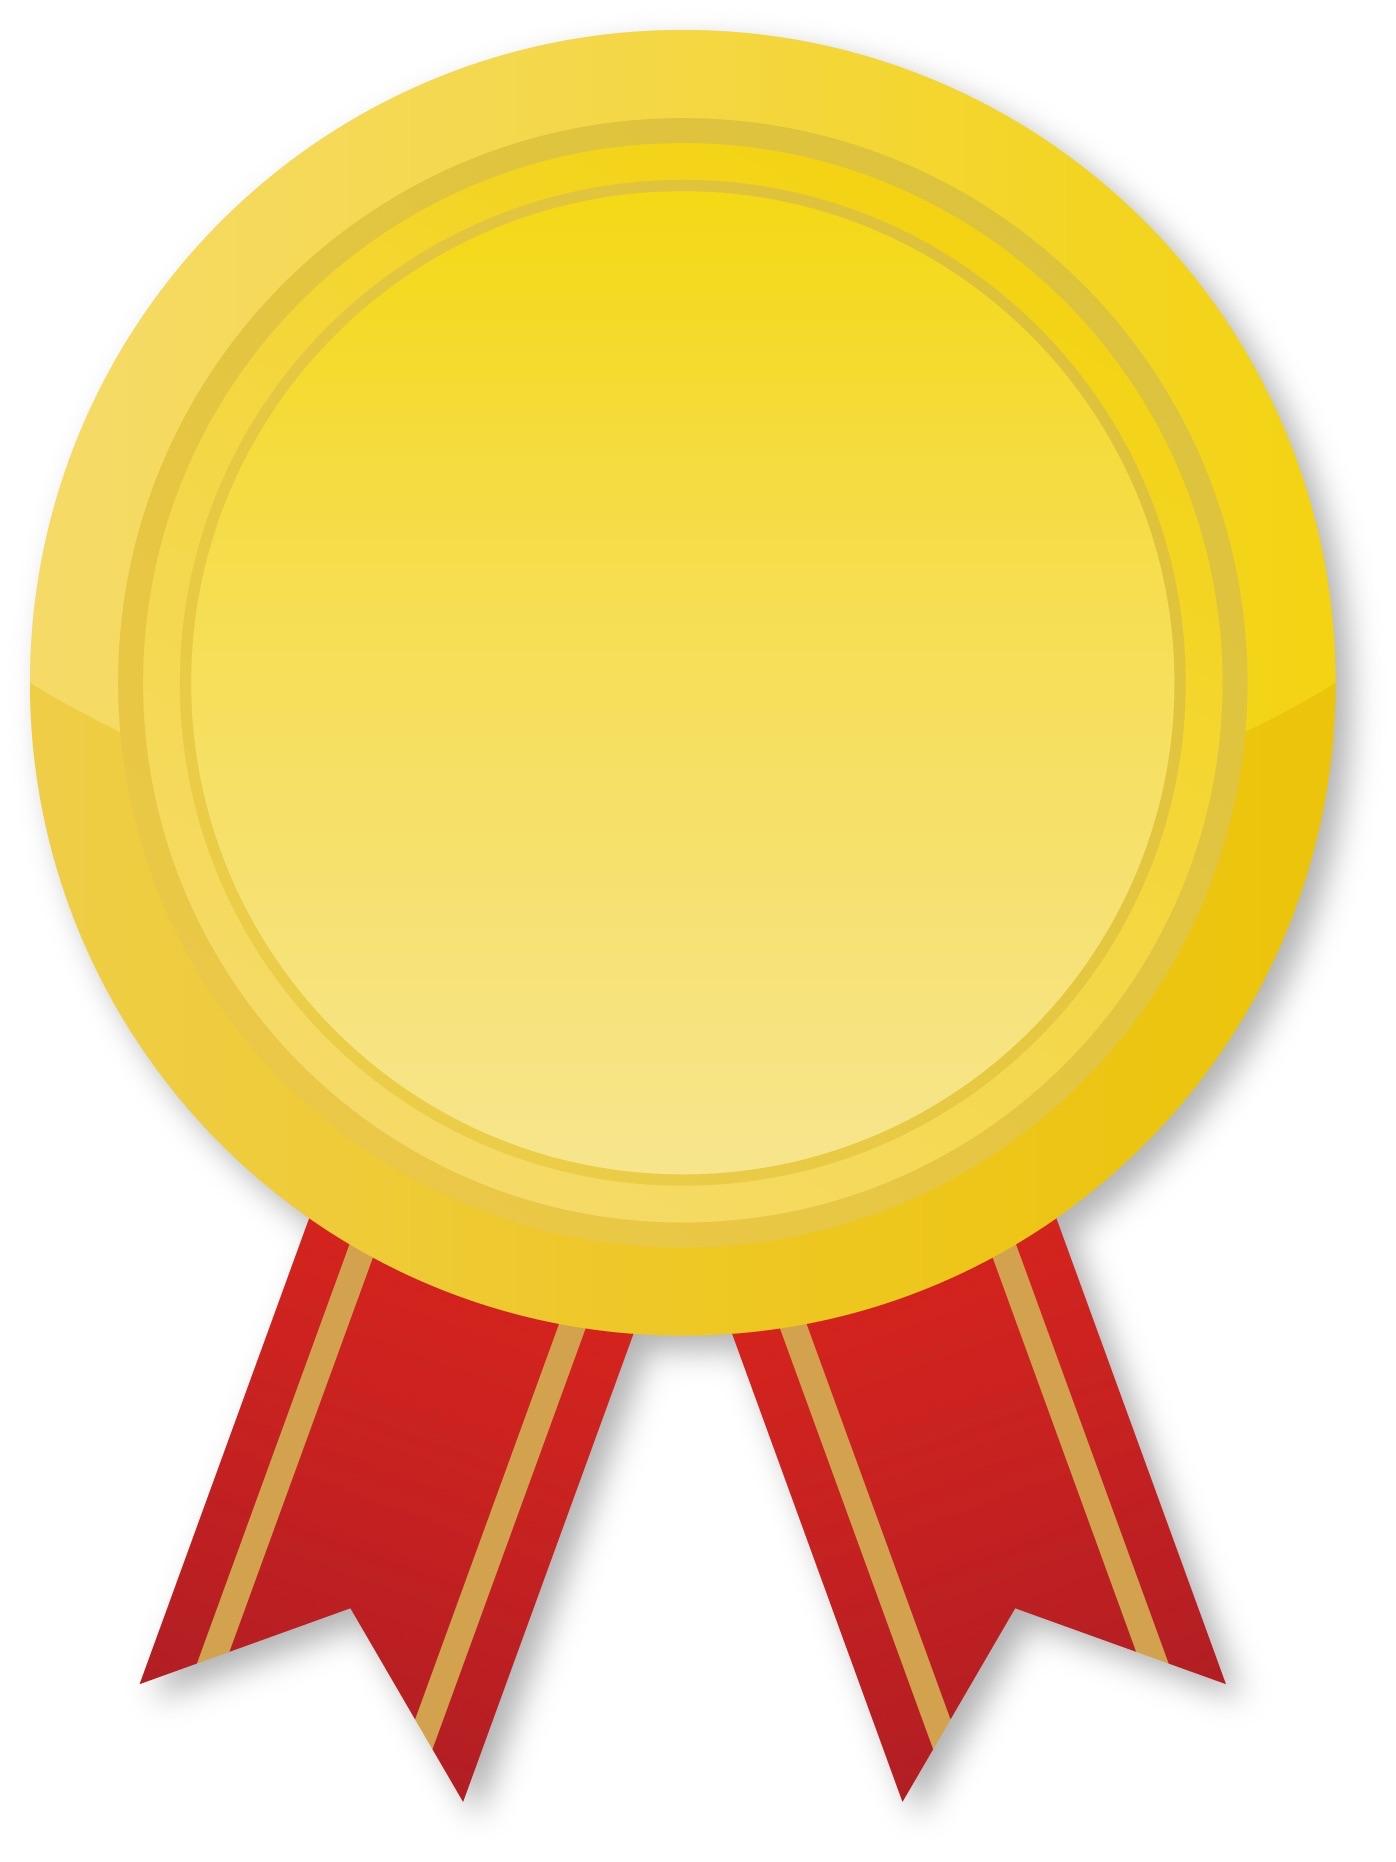 オリンピックの日本のメダル獲得...
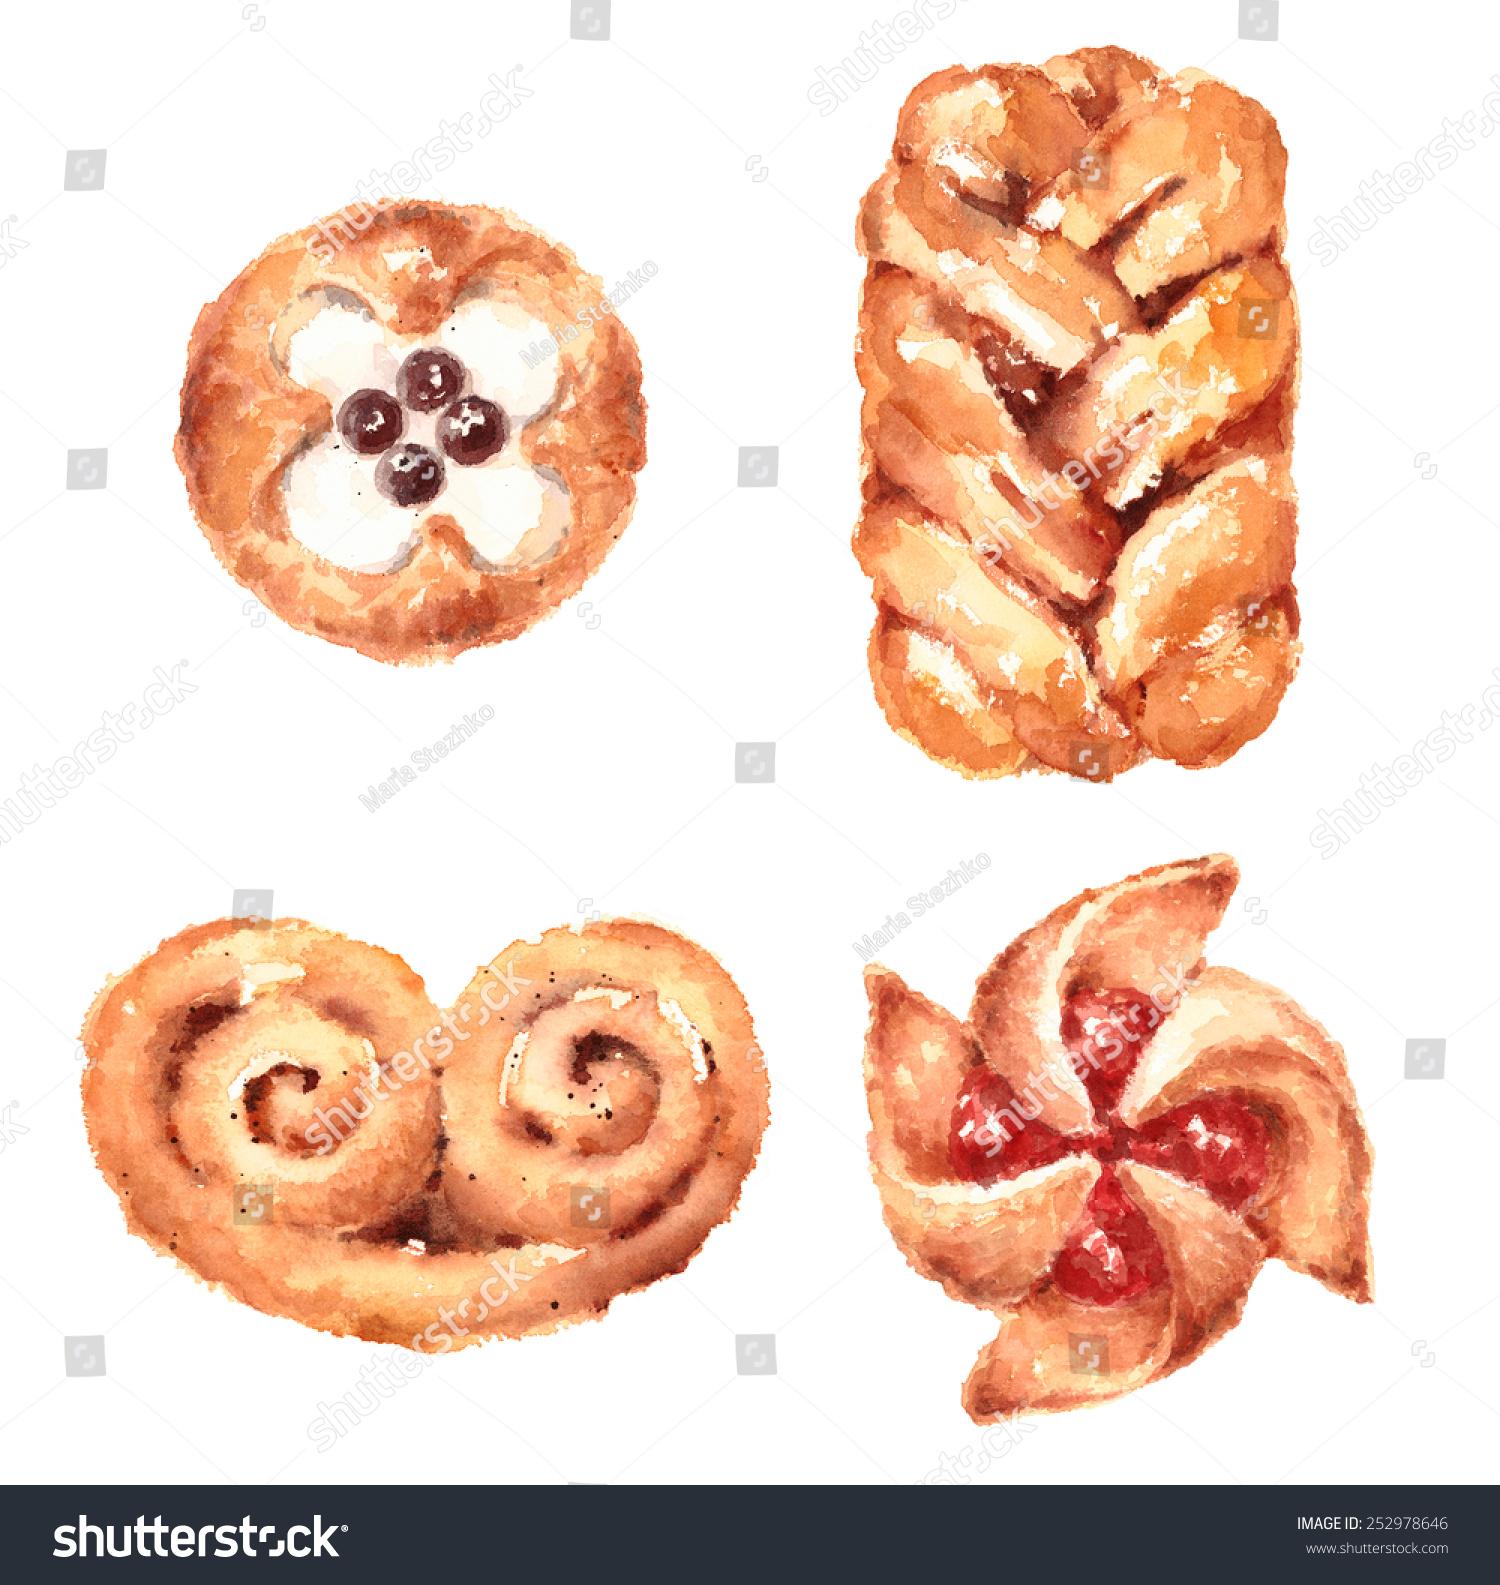 水彩糕点食品插画手绘孤立在白色背景-食品及饮料
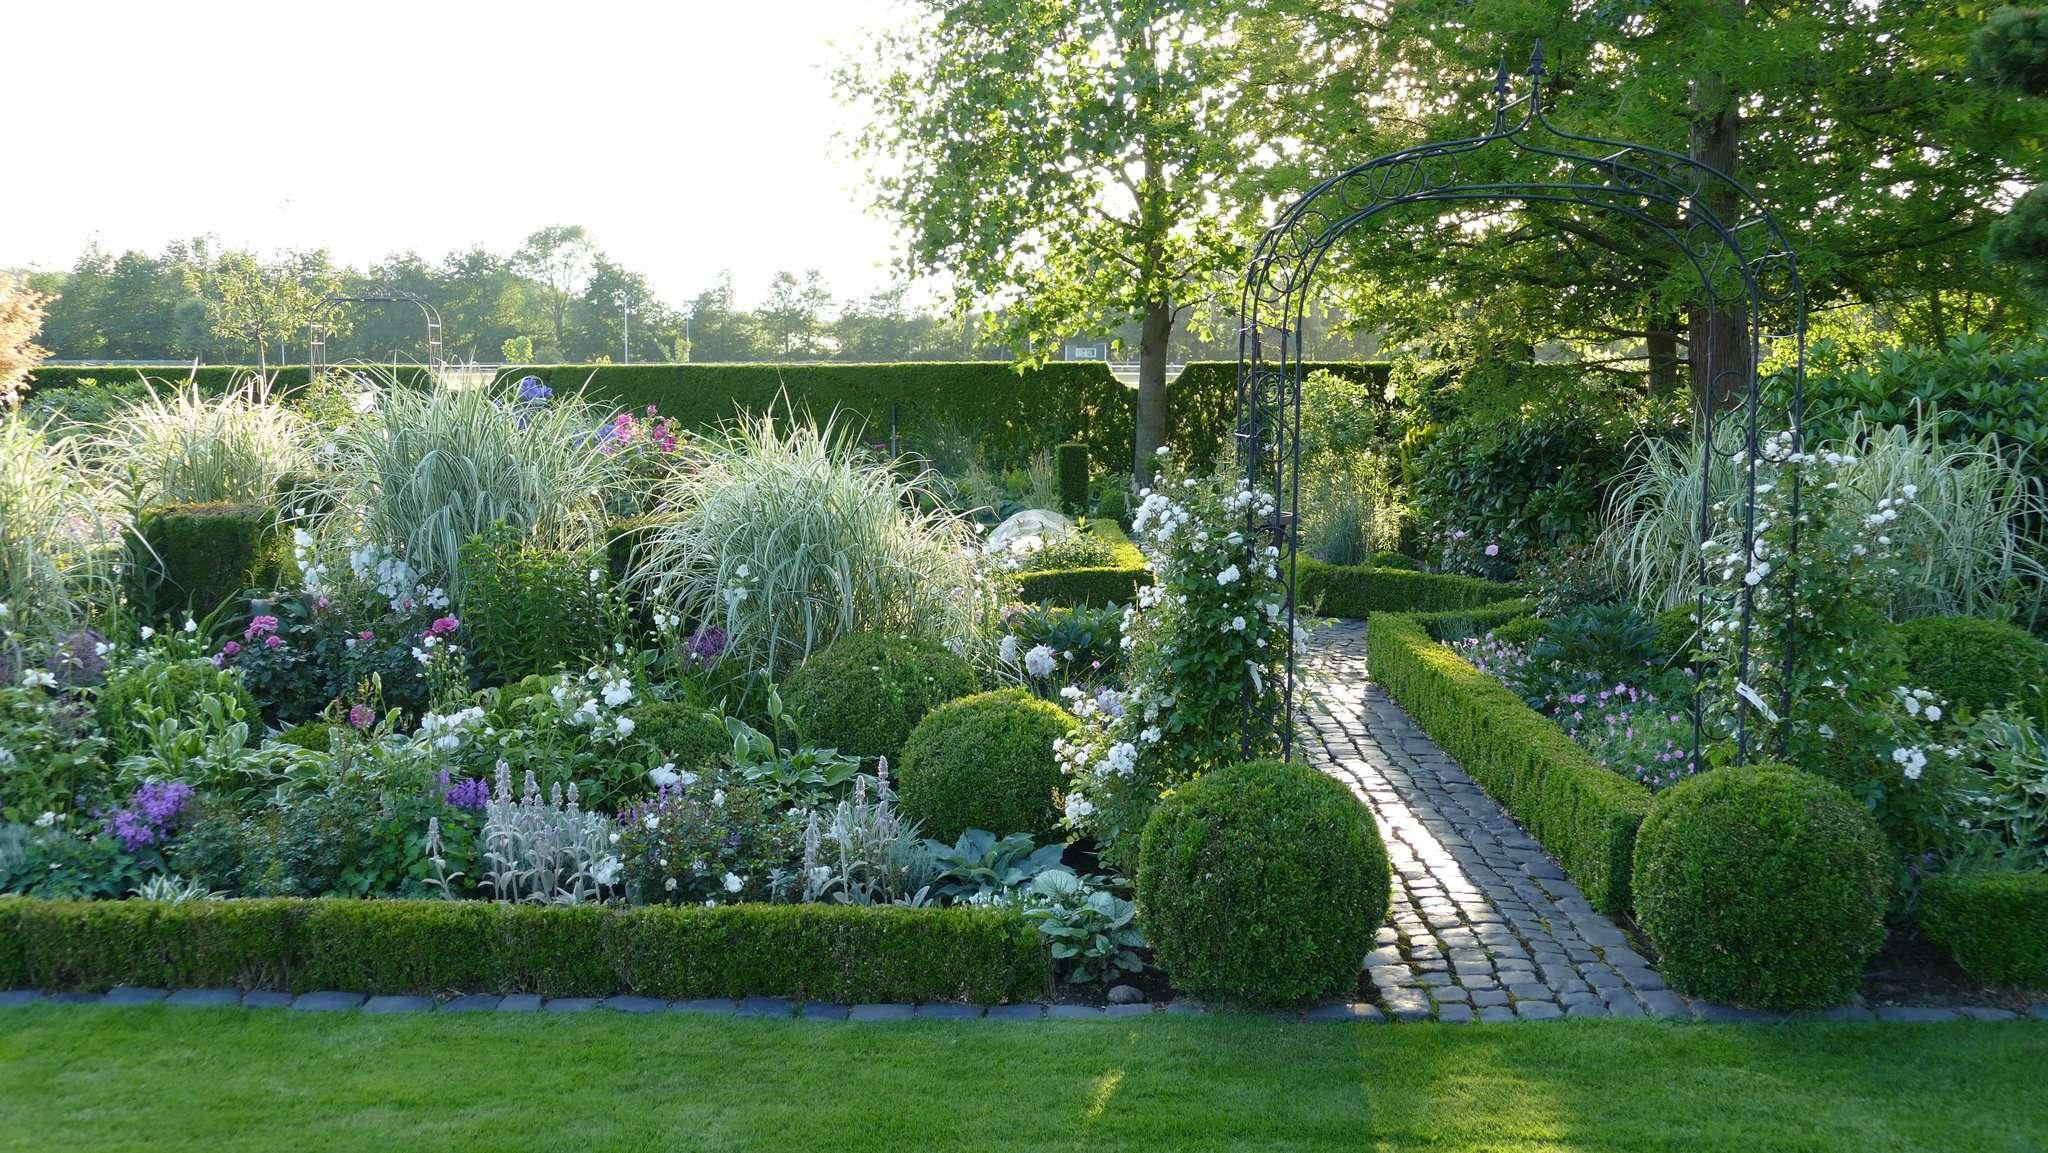 Im Garten von Helga und Wolfgang Herglotz in Essel fügen sich unterschiedliche Pflanzen, wie die Noten eines Musikstücks, zusammen.

- THE TASK
In your copy, reproduce the data above exactly and skip every picture.

- EXPECTED OUTPUT
 オリンピックの日本のメダル獲得...
 水彩糕点食品插画手绘孤立在白色背景-食品及饮料
 Im Garten von Helga und Wolfgang Herglotz in Essel fügen sich unterschiedliche Pflanzen, wie die Noten eines Musikstücks, zusammen.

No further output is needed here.